# Uncertainty learning how to and why

### Uncertainty for classification and regression tasks

The ways of estimating uncertainty for both classification and regression tasks are similar. The uncertainty is considered as Variance (\(\sigma\)) for regression task and Certainty(\(c\)) for classification task, it can be output as independent branch or just an additional channel alongside the other task:

Once we get this additional output, we can then put it in a mathematical framework and form a loss function to make it learned automatically.
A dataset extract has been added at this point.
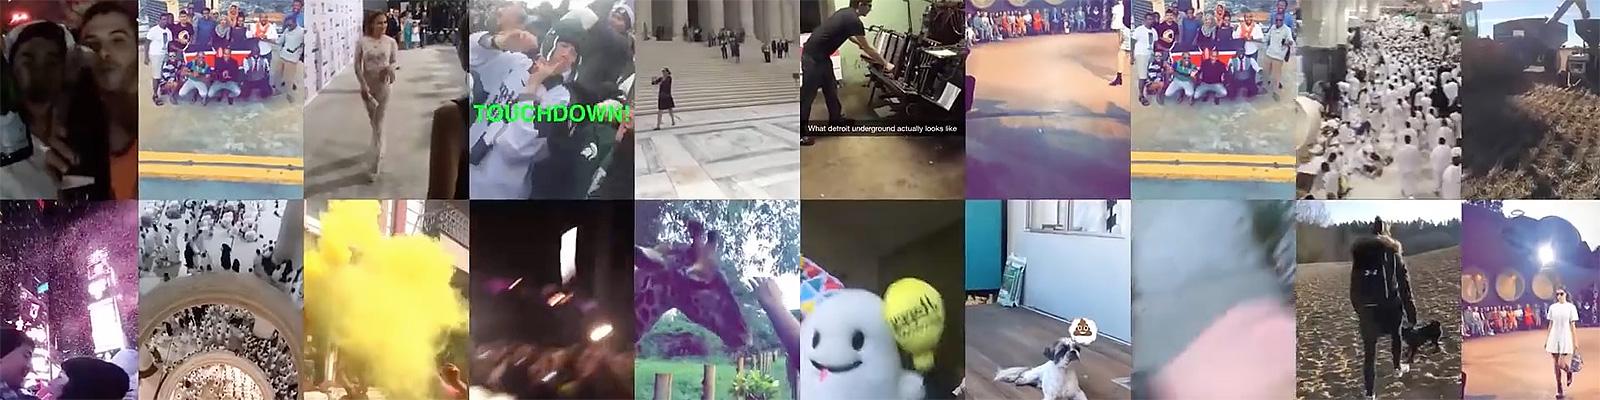 Intro to Snapchat(Snapchat)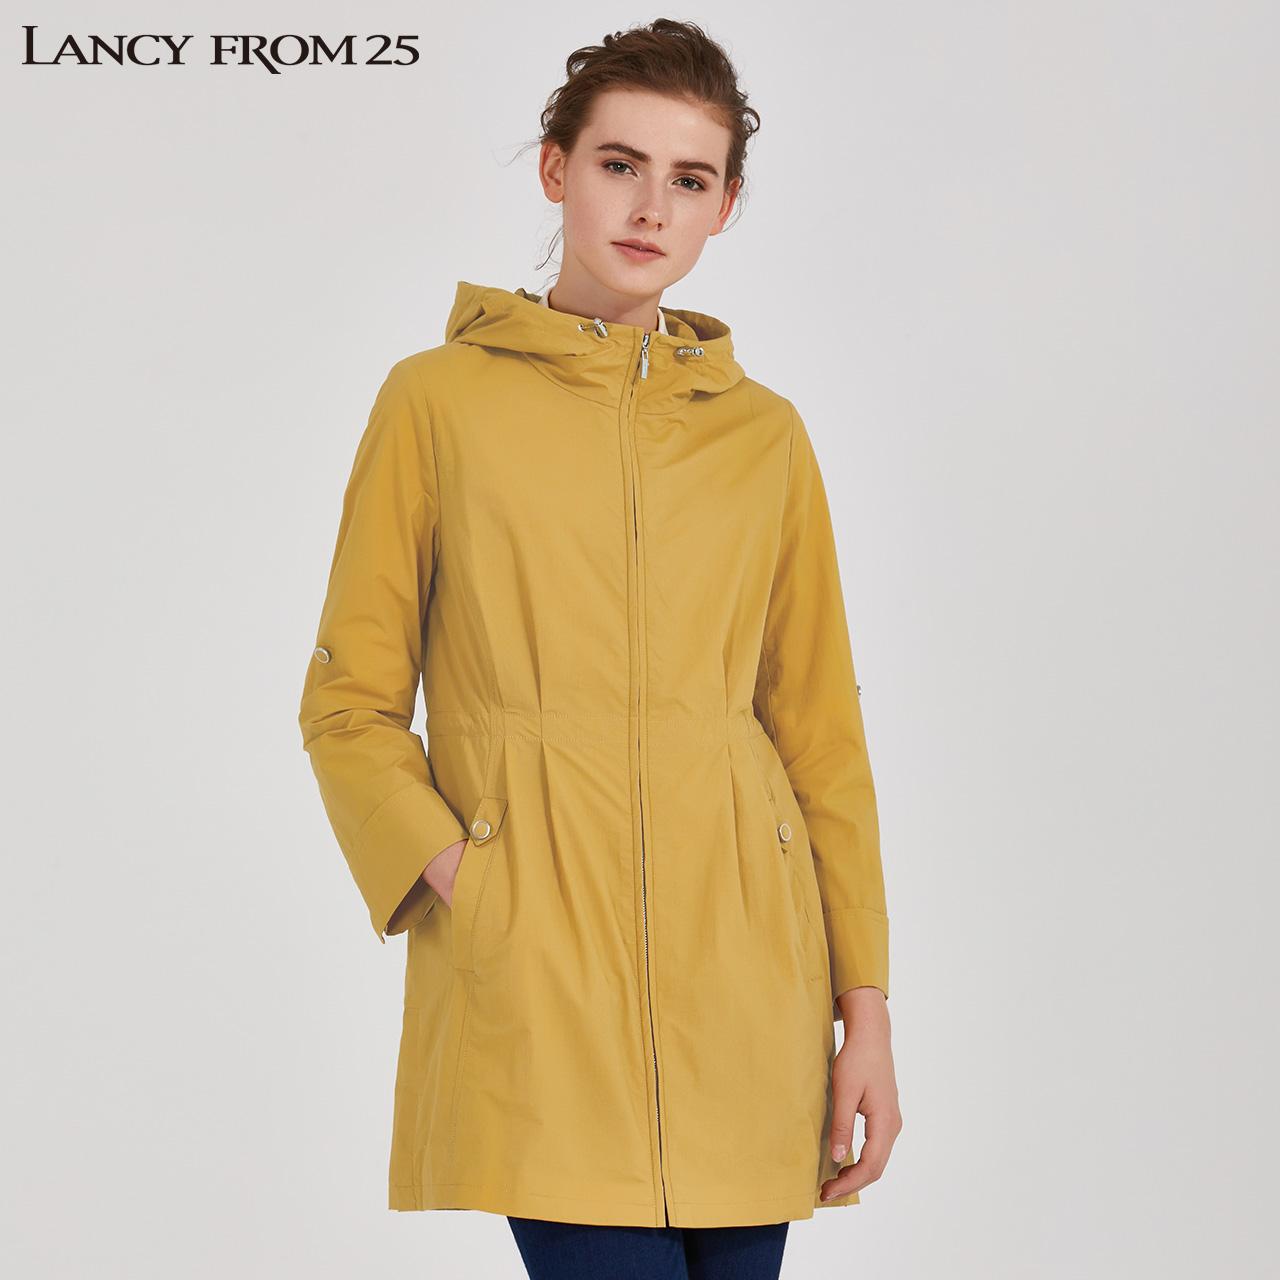 LANCY朗姿秋季女裝簡約時尚腰帶連帽風衣休閑寬松長袖外套

#### Uncertainty learning for regression tasks

Considering a regression task, it needs to regress the ground truth value \(y_i\) and the regressed value from the network is \(f_i\), usually we minimize the MSE loss to learn it:

\[L_{mse}=\sum_{i=1}^N{(f_i-y_i)^2}\]Once the variance is added, what is really regressed is no longer a single value, but a complete Gaussian distribution defined by a mean \(f_i\) and a variance \(\sigma_i\), which leads to a maximum likelihood problem:

From the example above, two pairs of value and variance are regressed, they have same MSE loss but different likelihood when variance is put into consideration. The likelihood with bigger variance is smaller.

The likelihood can be represented by a Gaussian distribution:

\[Likelihood=\prod_{i=1}^N{\frac{1}{\sigma_i \sqrt{2\pi}}e^{-\frac{(f_i-y_i)^2}{2\sigma_i^2}}}\]We can then use negative log-likelihood as loss function to train it:

\[L_{nll}=-log(Likelihood)=\sum_{i=1}^N{\frac{(f_i-y_i)^2}{2\sigma_i^2}}+log(\sigma_i)\]Once this loss function is minimized, the variance is learned. The bigger the variance, the flatter the Gaussian curve which leads to smaller likelihood.

#### Uncertainty learning for classification tasks

The logic for classification tasks is different. Let’s first take a look at a classification problem, which use cross-entropy as its loss function:

\[L=-\sum_{i=1}^N{log(P_i)}\]Where \(N\) is the number of training samples, \(P_i\) is the output probability of the \(ith\) sample’s ground truth label. Similar as the regression task, we output a certainty \(c_i\).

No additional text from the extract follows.